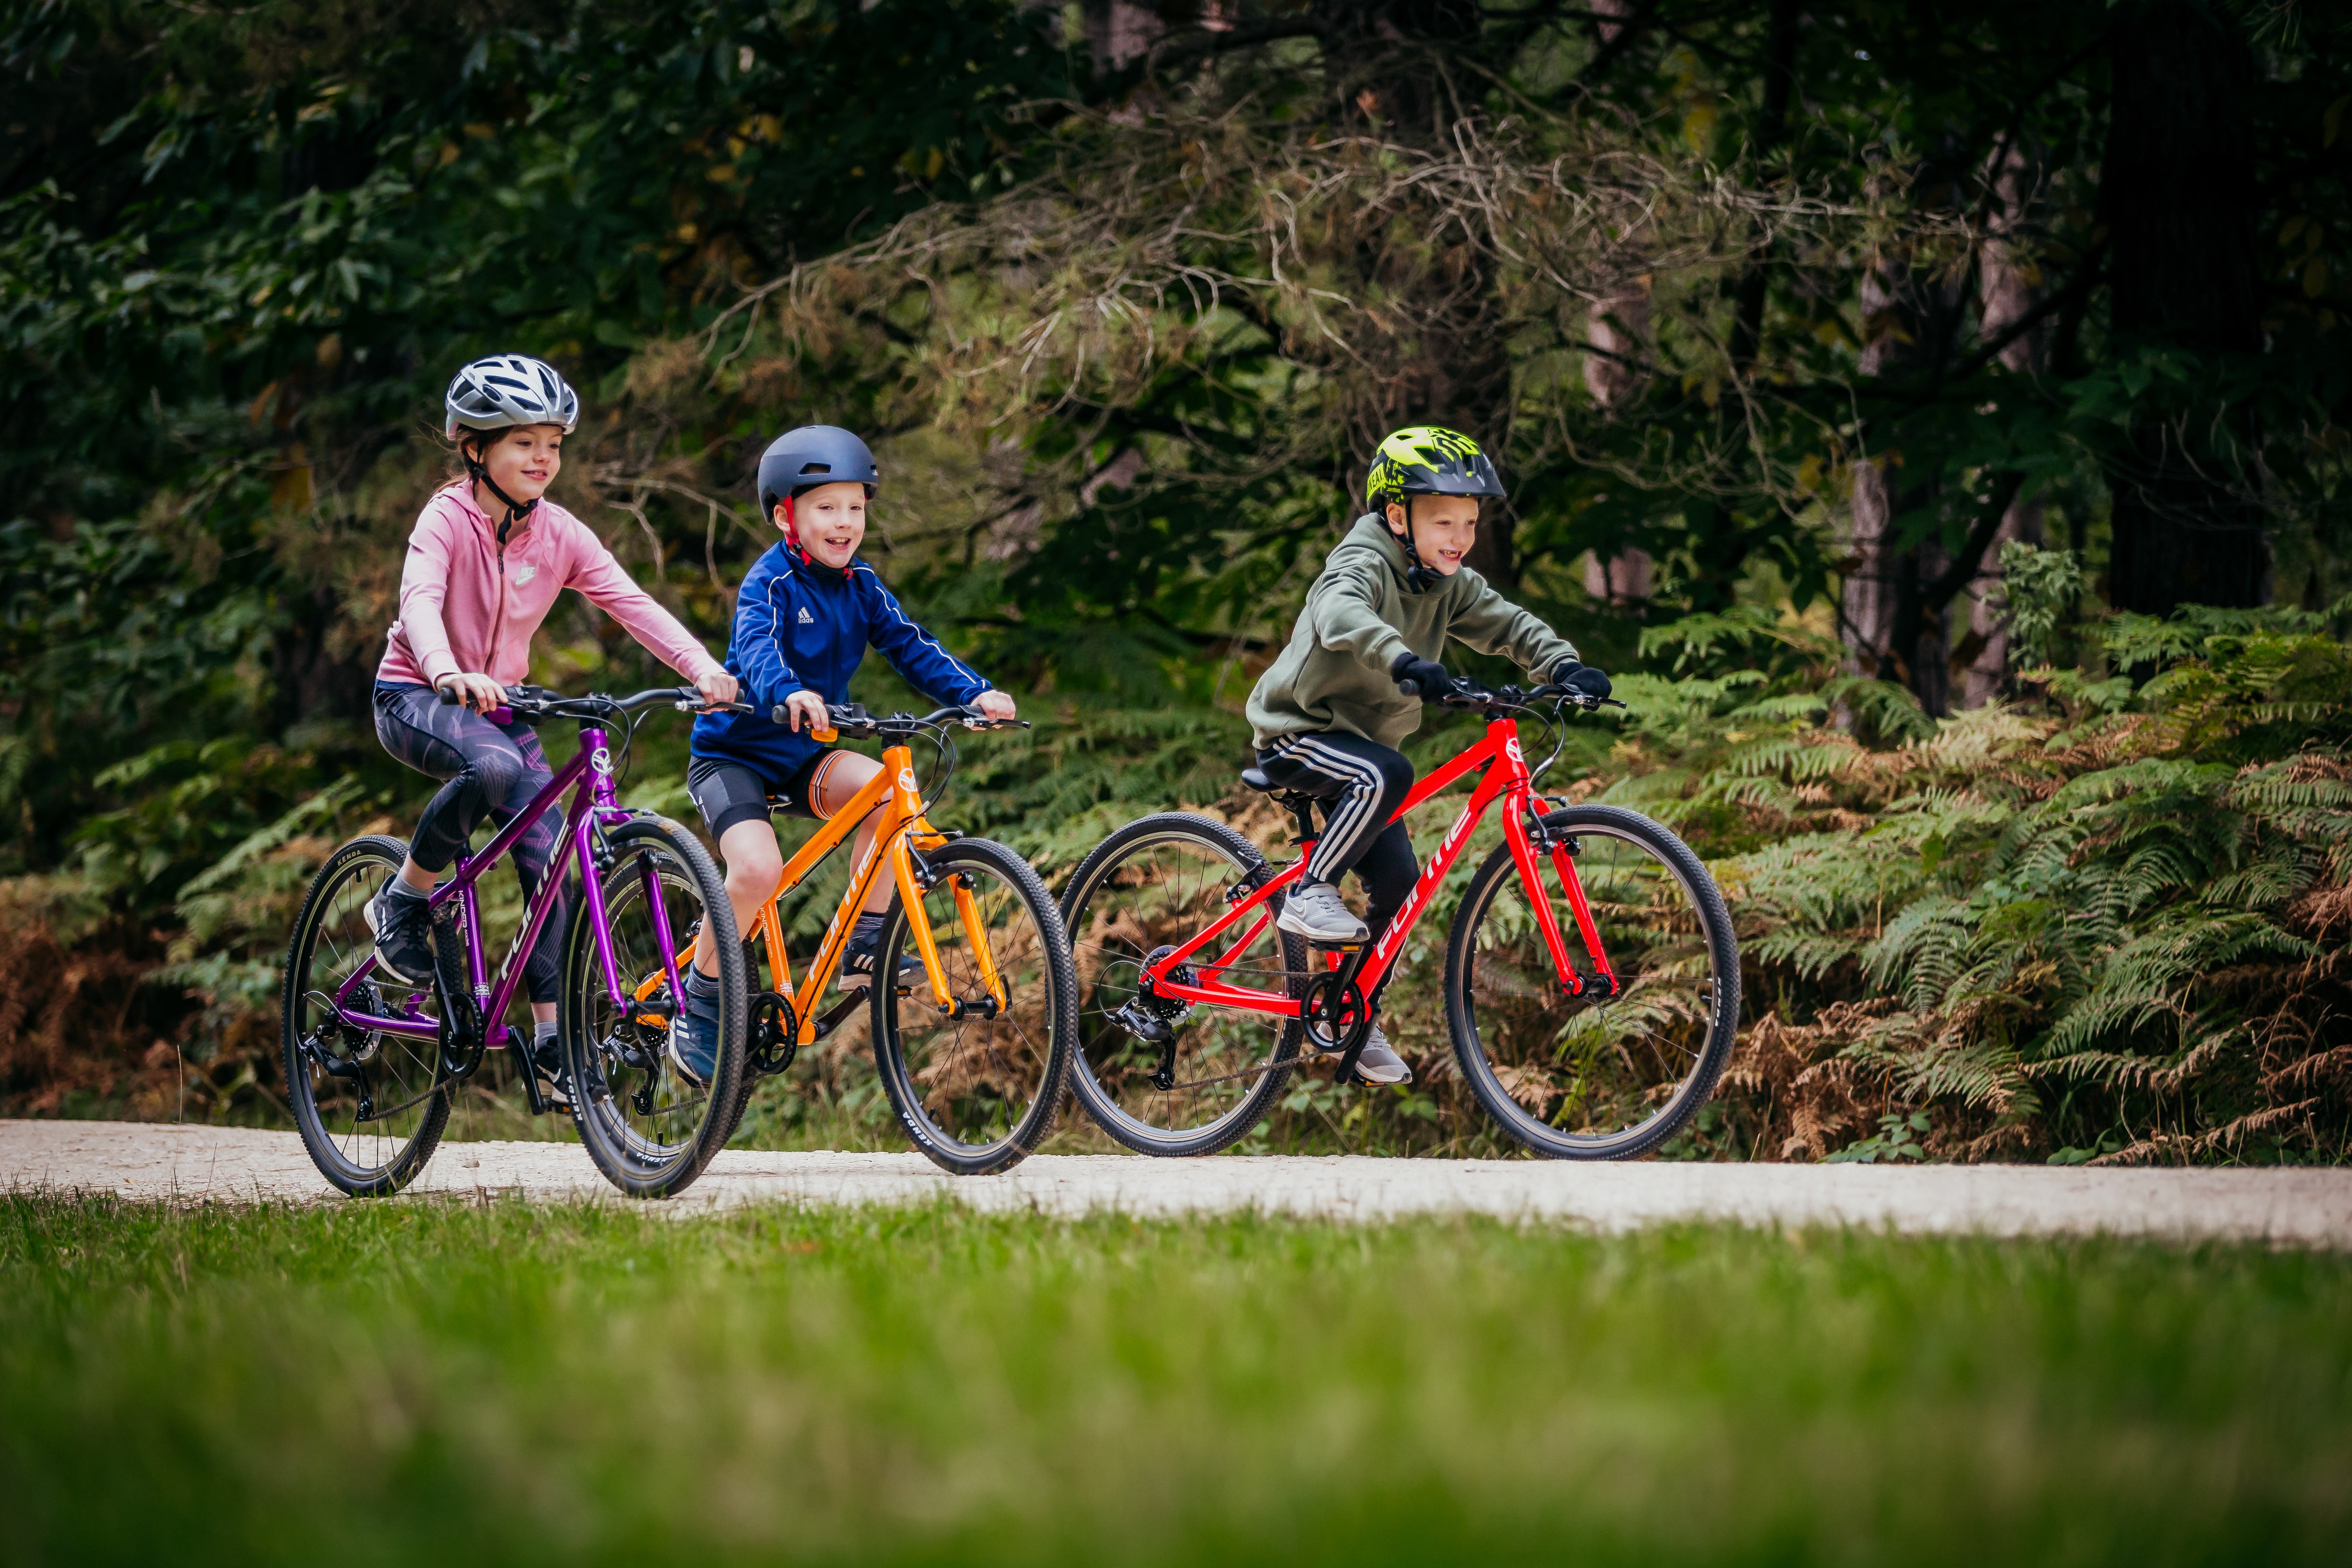 Kids on bikes in forest - bike club
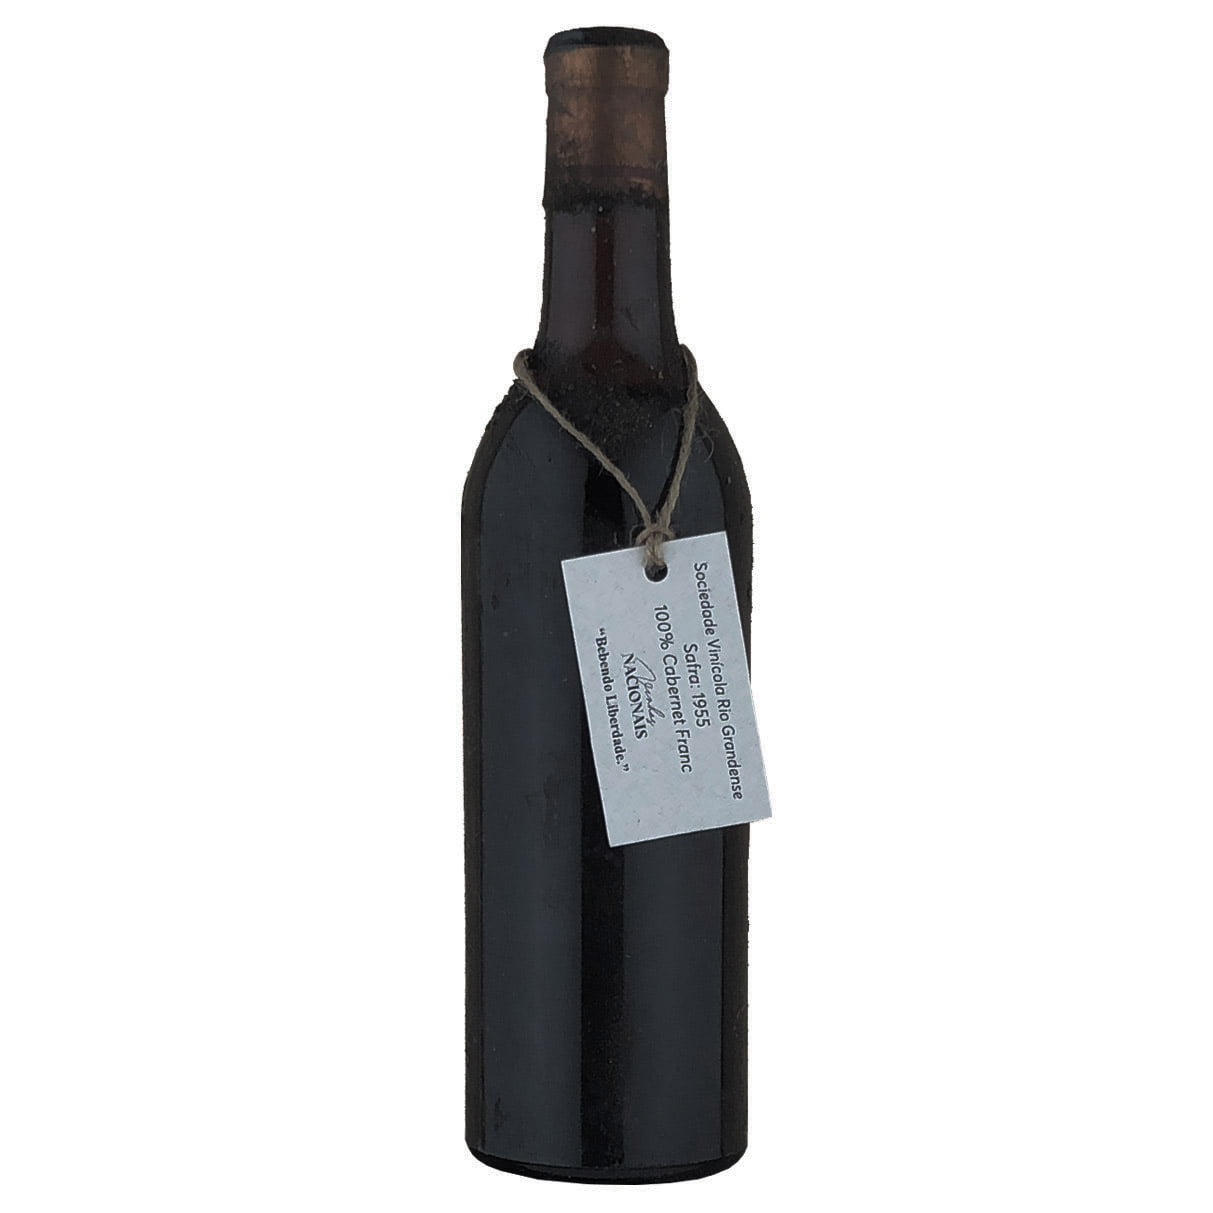 Sociedade Cooperativa Vinícola Rio-grandense Cabernet Franc 1955 - Vinho Antigo
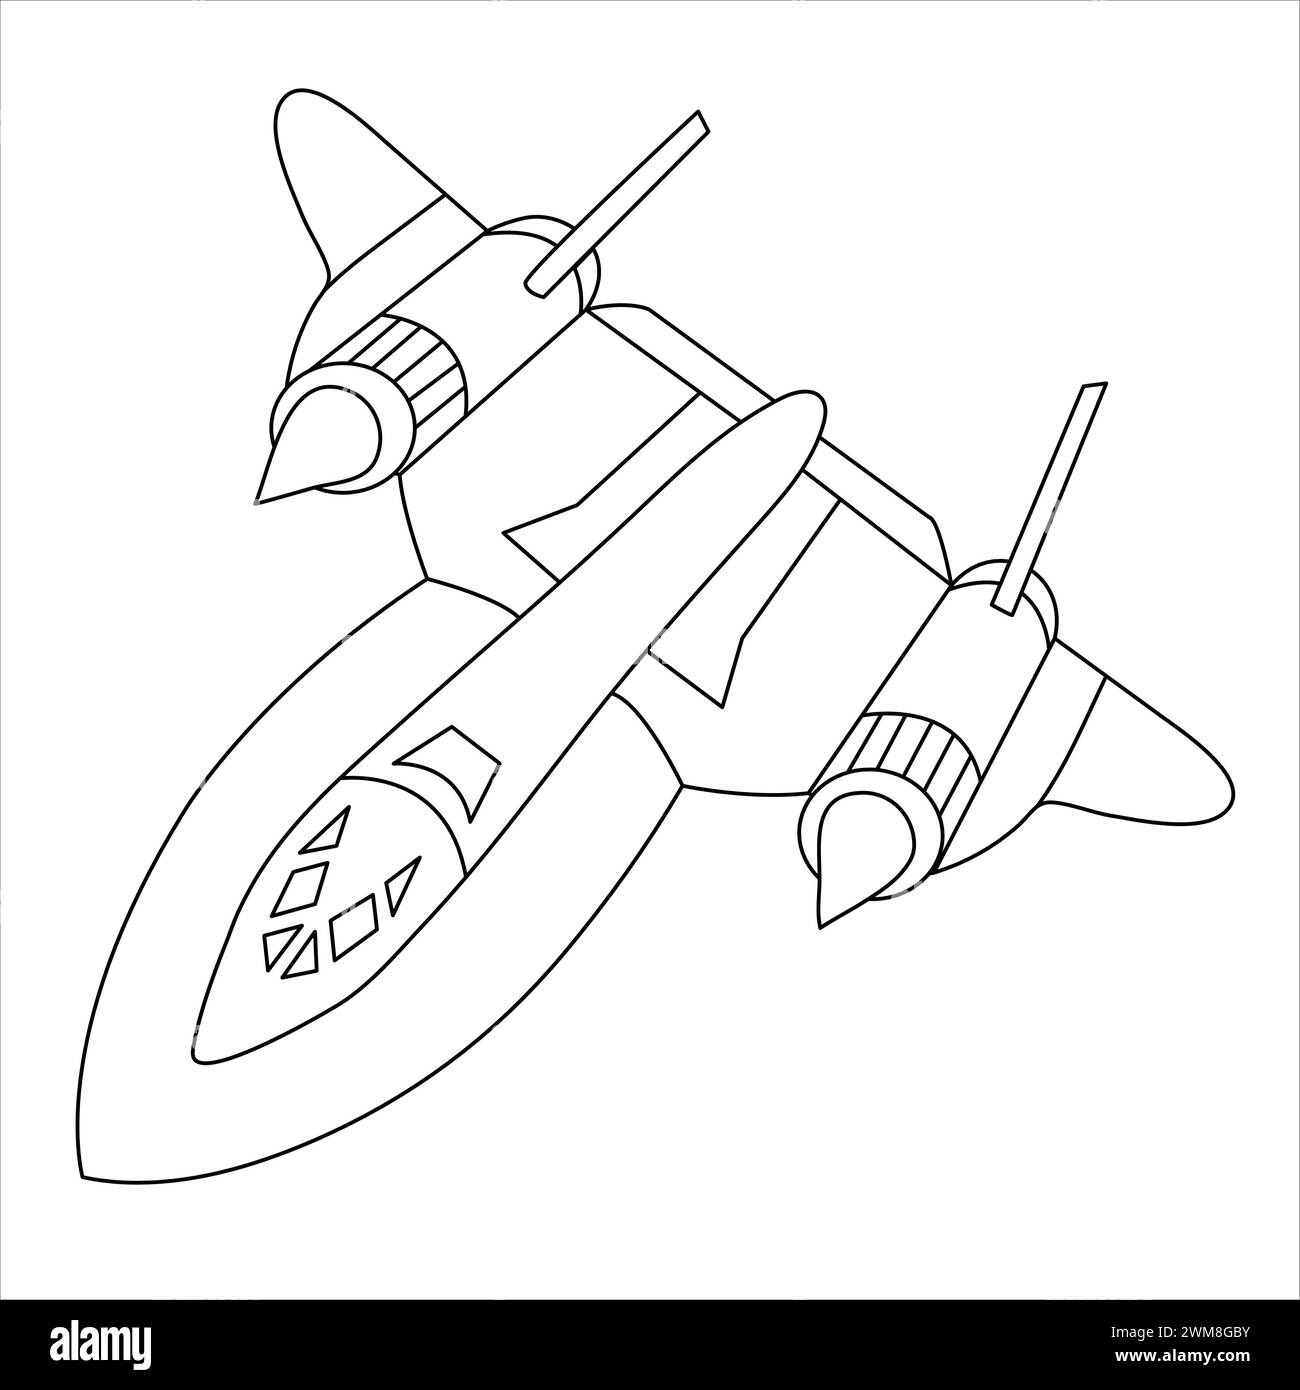 Avion militaire Lockheed SR-71 Blackbird Coloring Book pour adultes et enfants. Avion de dessin animé isolé sur fond blanc. Dessin de chasseur Jet Illustration de Vecteur
^^^^^^^^^^^^^^^^
Task to complete
Set out the material once more, exact in every line, with no images.

Response for this exercise
 Kids on bikes in forest - bike club
 Sociedade Cooperativa Vinícola Rio-grandense Cabernet Franc 1955 - Vinho Antigo
 Avion militaire Lockheed SR-71 Blackbird Coloring Book pour adultes et enfants. Avion de dessin animé isolé sur fond blanc. Dessin de chasseur Jet Illustration de Vecteur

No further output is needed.